To investigate the radiation exposure in non-vascular fluoroscopy guided interventions and to search strategies for dose reduction.

Materials and Methods

Dose area product (DAP) of 638 consecutive non-vascular interventional procedures of one year were analyzed with respect to different types of interventions; gastrointestinal tract, biliary interventions, embolizations of tumors and hemorrhage. Data was analyzed with special focus on the fluoroscopy doses and frame doses. The third quartiles (Q3) of fluoroscopy dose values were defined in order to set a reference value for our in-hospital practice.

Results

Mean fluoroscopy times of gastrostomy, jejunostomy, right and left sided percutaneous biliary drainage, chemoembolization of the liver and embolization due to various hemorrhages were 5.9, 8.6, 13.5, 16.6, 17.4 and 25.2 min, respectively.

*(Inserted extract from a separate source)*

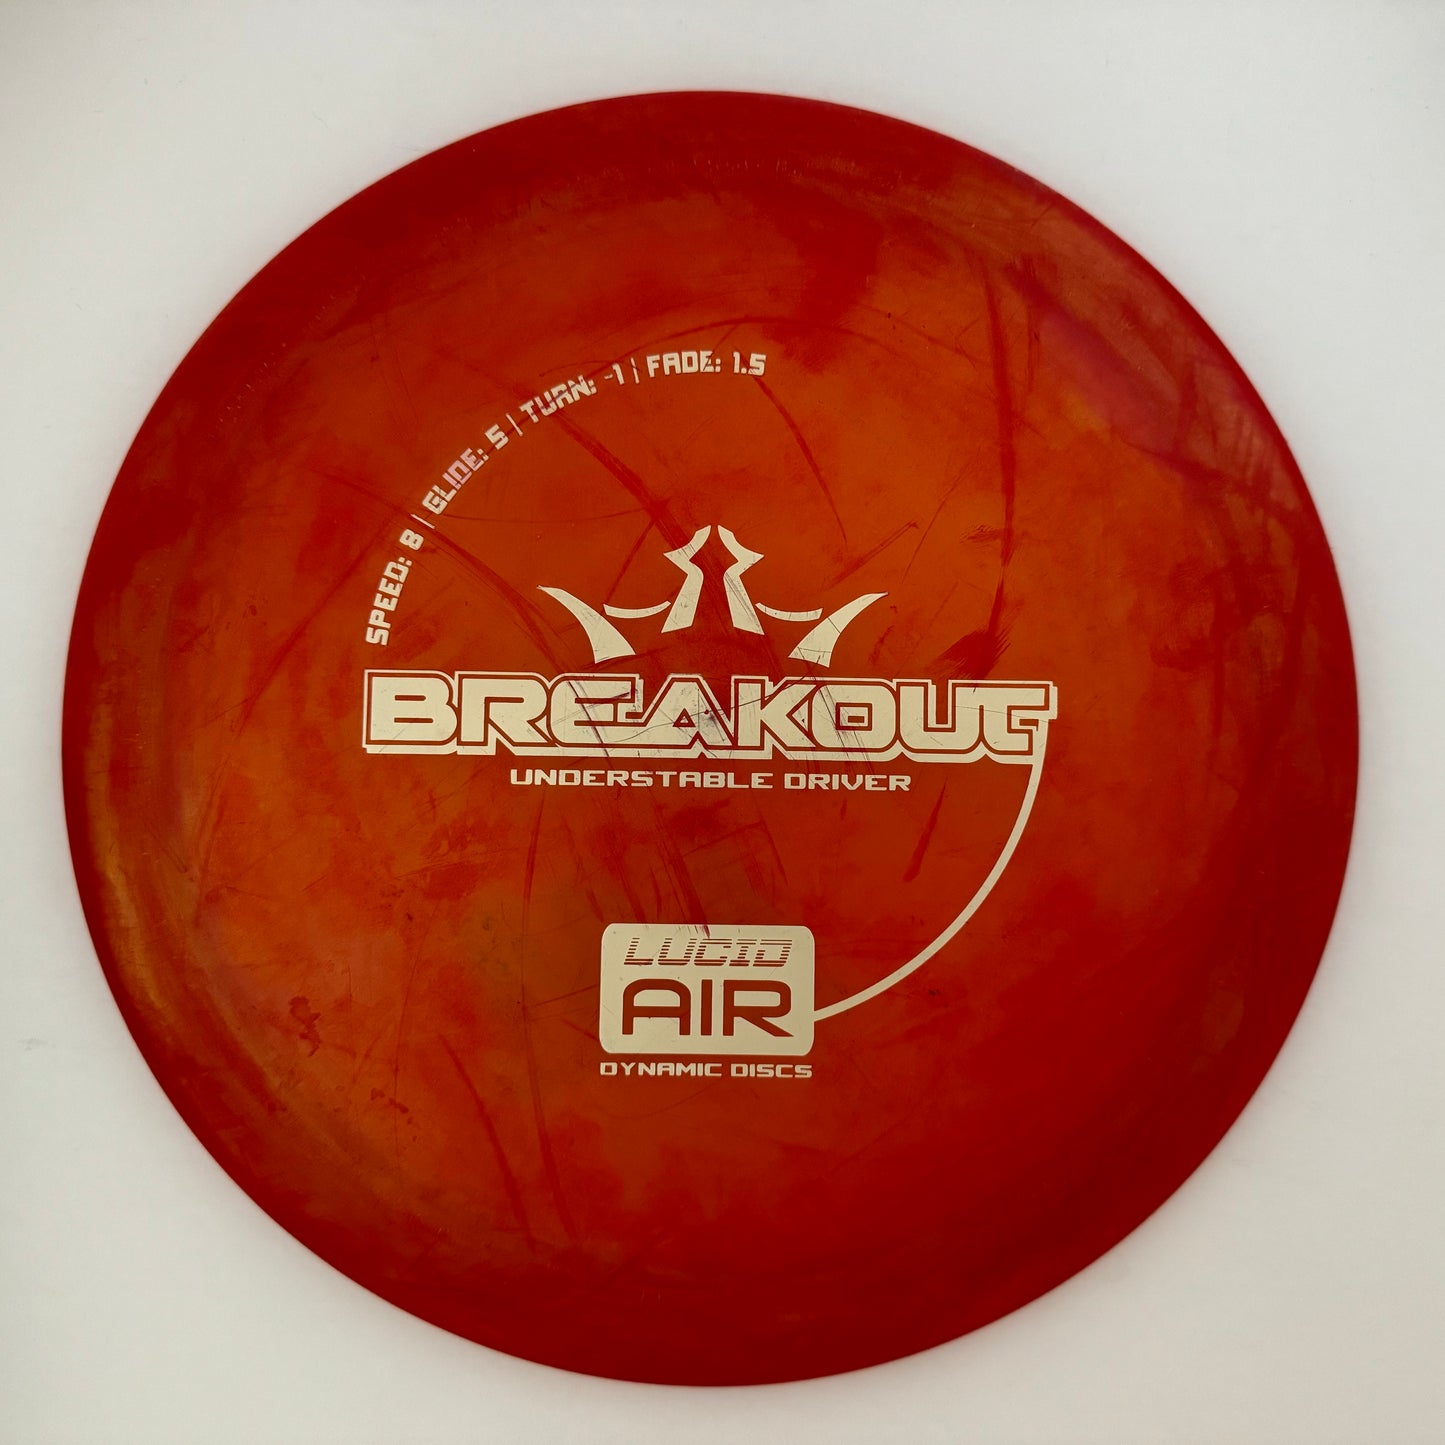 USED - Breakout
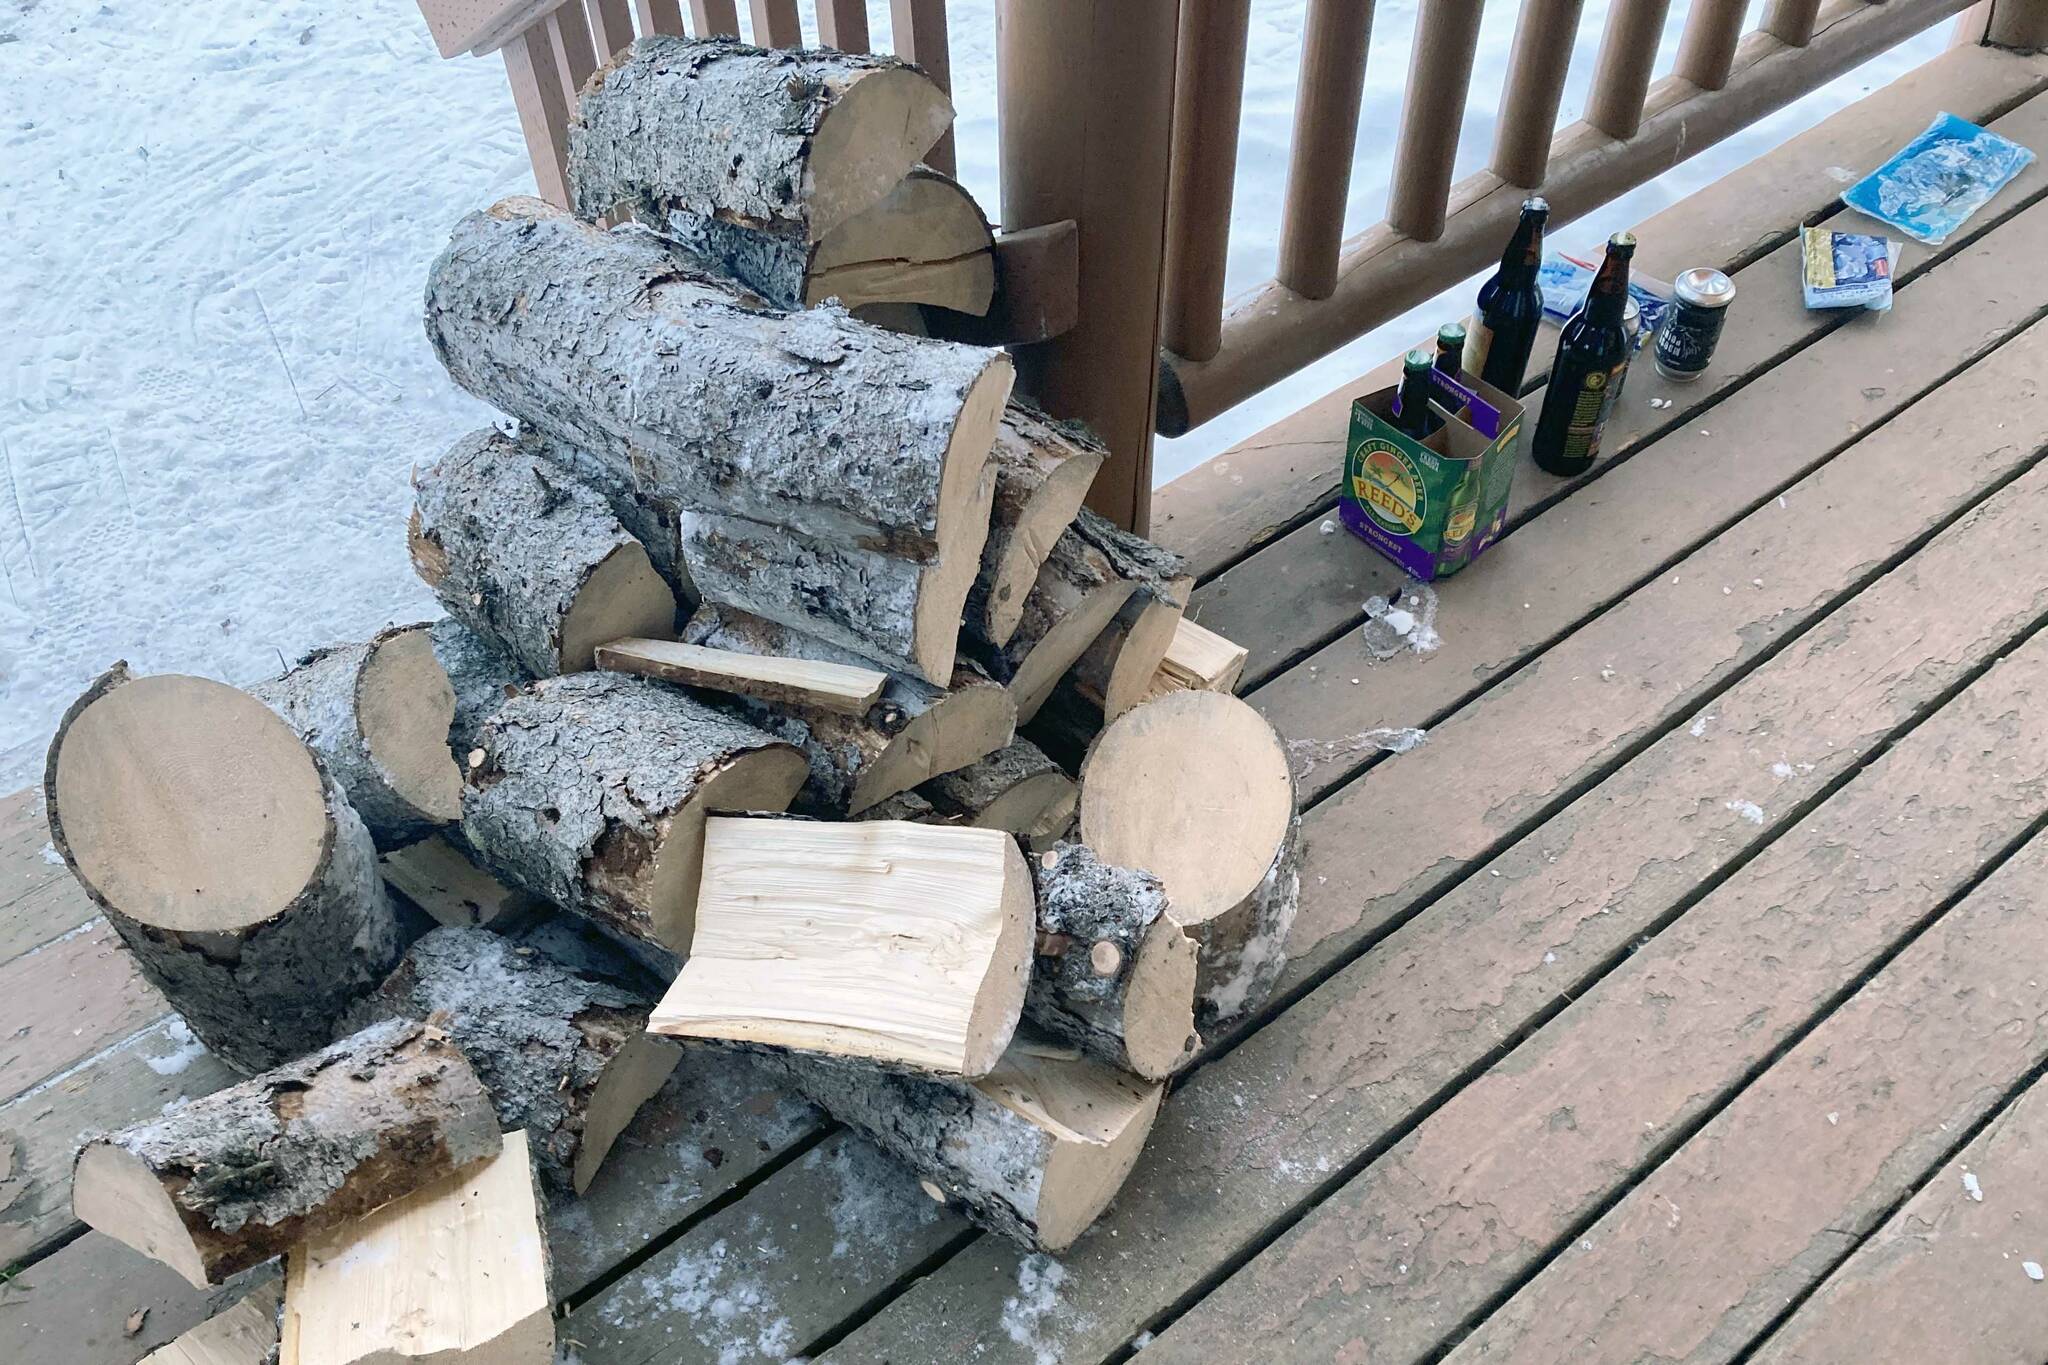 Split spruce for firewood sits on the porch of the Dolly Varden Lake cabin on Feb. 5, 2023, in the Kenai National Wildlife Refuge in Alaska. (Photo by Jeff Helminiak/Peninsula Clarion)

The respective Q3 total DAP were 52.9, 73.3, 155.1, 308.4, 428.6 and 529.3 Gy*cm2. Overall, around 66% of the total DAP originated from the radiographic frames with only 34% of the total DAP applied by fluoroscopy (P < 0.001). The investigators experience had no significant impact on the total DAP applied, most likely since there was no stratification to intervention-complexity.

Conclusion

To establish Diagnostic Reference Levels (DRLs), there is a need to establish a registry of radiation dose data for the most commonly performed procedures. Documentation of interventional procedures by fluoroscopy “grabbing” has the potential to considerably reduce radiation dose applied and should be used instead of radiographic frames whenever possible.